Your comment seems absolutely right, I have no idea where the whole 'turn itself off' thing came from.
I doubt diminishing returns would come into effect. Examples like Graham's number and Conway Chain Arrow notation seem to be strong evidence that the task of 'store the biggest number possible' does not run into diminishing returns but instead achieves accelerating returns of truly mind-boggling proportions.
However, I have to admit that I think the whole idea is rubbish. The main problem is that the author is confusing two different tasks "maximise the extent to which the future meets my future preferences" and "maximise the extent to which the future meets my current preferences".
To explain what I mean more rigorously, suppose we have an AI with a utility function U0, which is considering whether or not it should alter its utility function to a new function U1. It extrapolates possible futures and deduces that if it sticks with U0 the universe will end up in state A, whereas if it switches to U1 the universe will end up in state B, (e.g. if U0 is paper-clip maximising then A contains a lot of paper-clips).
"Maximise the extent to which the future meets my future preferences" means it will switch if and only if U1(B) > U0(A)

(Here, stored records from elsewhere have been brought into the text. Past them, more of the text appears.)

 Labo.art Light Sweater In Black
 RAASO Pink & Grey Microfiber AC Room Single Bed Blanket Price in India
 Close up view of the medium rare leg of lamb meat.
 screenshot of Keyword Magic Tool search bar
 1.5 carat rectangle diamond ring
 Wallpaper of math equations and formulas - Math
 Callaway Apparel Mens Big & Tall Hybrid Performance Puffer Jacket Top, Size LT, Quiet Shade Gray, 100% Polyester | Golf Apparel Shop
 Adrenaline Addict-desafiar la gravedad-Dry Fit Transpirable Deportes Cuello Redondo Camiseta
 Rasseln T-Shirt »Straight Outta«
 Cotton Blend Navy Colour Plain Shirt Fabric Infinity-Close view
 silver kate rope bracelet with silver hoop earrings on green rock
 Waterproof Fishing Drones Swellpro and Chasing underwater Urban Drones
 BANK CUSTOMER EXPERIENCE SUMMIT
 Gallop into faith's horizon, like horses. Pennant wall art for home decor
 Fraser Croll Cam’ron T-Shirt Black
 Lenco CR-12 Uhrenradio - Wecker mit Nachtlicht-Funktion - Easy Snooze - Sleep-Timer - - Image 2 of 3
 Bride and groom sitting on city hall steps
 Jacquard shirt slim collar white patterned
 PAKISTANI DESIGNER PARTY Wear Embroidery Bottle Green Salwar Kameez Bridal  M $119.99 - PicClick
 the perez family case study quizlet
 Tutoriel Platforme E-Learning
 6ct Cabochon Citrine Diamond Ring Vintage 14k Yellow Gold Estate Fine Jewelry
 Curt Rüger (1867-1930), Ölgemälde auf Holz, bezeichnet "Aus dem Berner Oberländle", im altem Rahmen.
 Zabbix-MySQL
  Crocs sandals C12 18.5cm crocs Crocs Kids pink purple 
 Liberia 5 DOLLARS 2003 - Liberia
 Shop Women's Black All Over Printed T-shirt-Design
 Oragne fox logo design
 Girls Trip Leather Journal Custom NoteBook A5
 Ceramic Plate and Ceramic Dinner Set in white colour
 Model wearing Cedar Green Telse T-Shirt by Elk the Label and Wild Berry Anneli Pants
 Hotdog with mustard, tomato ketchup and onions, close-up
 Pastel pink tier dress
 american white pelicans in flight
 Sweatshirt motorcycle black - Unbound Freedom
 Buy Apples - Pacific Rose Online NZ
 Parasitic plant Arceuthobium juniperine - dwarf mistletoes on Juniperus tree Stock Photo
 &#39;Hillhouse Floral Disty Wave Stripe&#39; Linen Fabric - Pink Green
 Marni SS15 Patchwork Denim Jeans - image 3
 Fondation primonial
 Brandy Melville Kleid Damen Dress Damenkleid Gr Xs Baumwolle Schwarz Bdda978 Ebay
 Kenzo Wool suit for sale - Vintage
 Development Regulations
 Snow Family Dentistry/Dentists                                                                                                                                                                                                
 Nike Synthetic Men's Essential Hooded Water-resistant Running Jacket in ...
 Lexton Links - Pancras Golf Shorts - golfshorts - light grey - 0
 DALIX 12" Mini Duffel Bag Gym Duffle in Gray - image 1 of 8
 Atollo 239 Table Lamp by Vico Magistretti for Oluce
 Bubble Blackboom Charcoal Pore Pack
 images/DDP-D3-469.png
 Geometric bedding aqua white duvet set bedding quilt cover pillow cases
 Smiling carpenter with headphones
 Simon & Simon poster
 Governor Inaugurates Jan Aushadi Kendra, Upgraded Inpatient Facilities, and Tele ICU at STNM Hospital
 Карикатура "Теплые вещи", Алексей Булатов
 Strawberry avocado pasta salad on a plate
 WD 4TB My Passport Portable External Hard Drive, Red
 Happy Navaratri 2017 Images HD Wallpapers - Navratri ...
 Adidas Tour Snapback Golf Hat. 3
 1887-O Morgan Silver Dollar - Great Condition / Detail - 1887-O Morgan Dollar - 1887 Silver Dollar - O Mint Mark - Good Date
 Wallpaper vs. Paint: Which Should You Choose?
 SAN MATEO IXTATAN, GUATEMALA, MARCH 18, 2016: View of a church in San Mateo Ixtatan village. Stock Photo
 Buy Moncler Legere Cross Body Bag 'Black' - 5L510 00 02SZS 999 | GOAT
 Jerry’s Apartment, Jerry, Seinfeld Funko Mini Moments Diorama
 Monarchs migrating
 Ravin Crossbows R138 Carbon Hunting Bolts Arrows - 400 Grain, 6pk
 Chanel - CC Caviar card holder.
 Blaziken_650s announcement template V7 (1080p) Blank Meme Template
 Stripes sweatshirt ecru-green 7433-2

As the article points out, it is very easy to find a U1 which meets this criterion, simply define U1(x) = U0(x) + 1 (actions are unaffected by affine transforms of utility functions so B=A for this choice of U1).
"Maximise the extent to which the future meets my current preferences" means it will switch if and only if U0(B) > U0(A)
This criterion is much more demanding, for example U1(x) = U0(x) + 1 clearly no longer works.
I suspect that for most internally consistent utility functions this criterion is impossible to satisfy (thought experiment; is there any utility function a paper-clip maximiser could switch to which would result in a universe containing more paper-clips?).
Even if I am wrong about it being mostly impossible, it is not an especially worrying problem. I would have no problem with an FAI switching to a new utility function which was even more friendly than the one we gave it.
Of course, you could program an AI to do either of the tasks, but there are a number of reasons why I consider the second to be better. Firstly, for all the reasons the article gives, it is more likely to do whatever you wanted it to do. Secondly it is more general since the former can be given as a special case of the latter.
The article's mistake is right there in the title, it fails to break out of the rather anthropomorphic reward/punishment mode of thinking.
Your comment seems absolutely right, I have no idea where the whole 'turn itself off' thing came from.
Suzanne is proposing that that's (essentially) what happens to wireheads when they finger their reward signal - they collapse in an ecstatic heap.
In reality, there are, of course, other types of wirehead behaviour to consider. The heroin addict doesn't exactly collapse in a corner when looking for their next fix.
Link: physicsandcake.wordpress.com/2011/01/22/pavlovs-ai-what-did-it-mean/
Suzanne Gildert basically argues that any AGI that can considerably self-improve would simply alter its reward function directly. I'm not sure how she arrives at the conclusion that such an AGI would likely switch itself off. Even if an abstract general intelligence would tend to alter its reward function, wouldn't it do so indefinitely rather than switching itself off?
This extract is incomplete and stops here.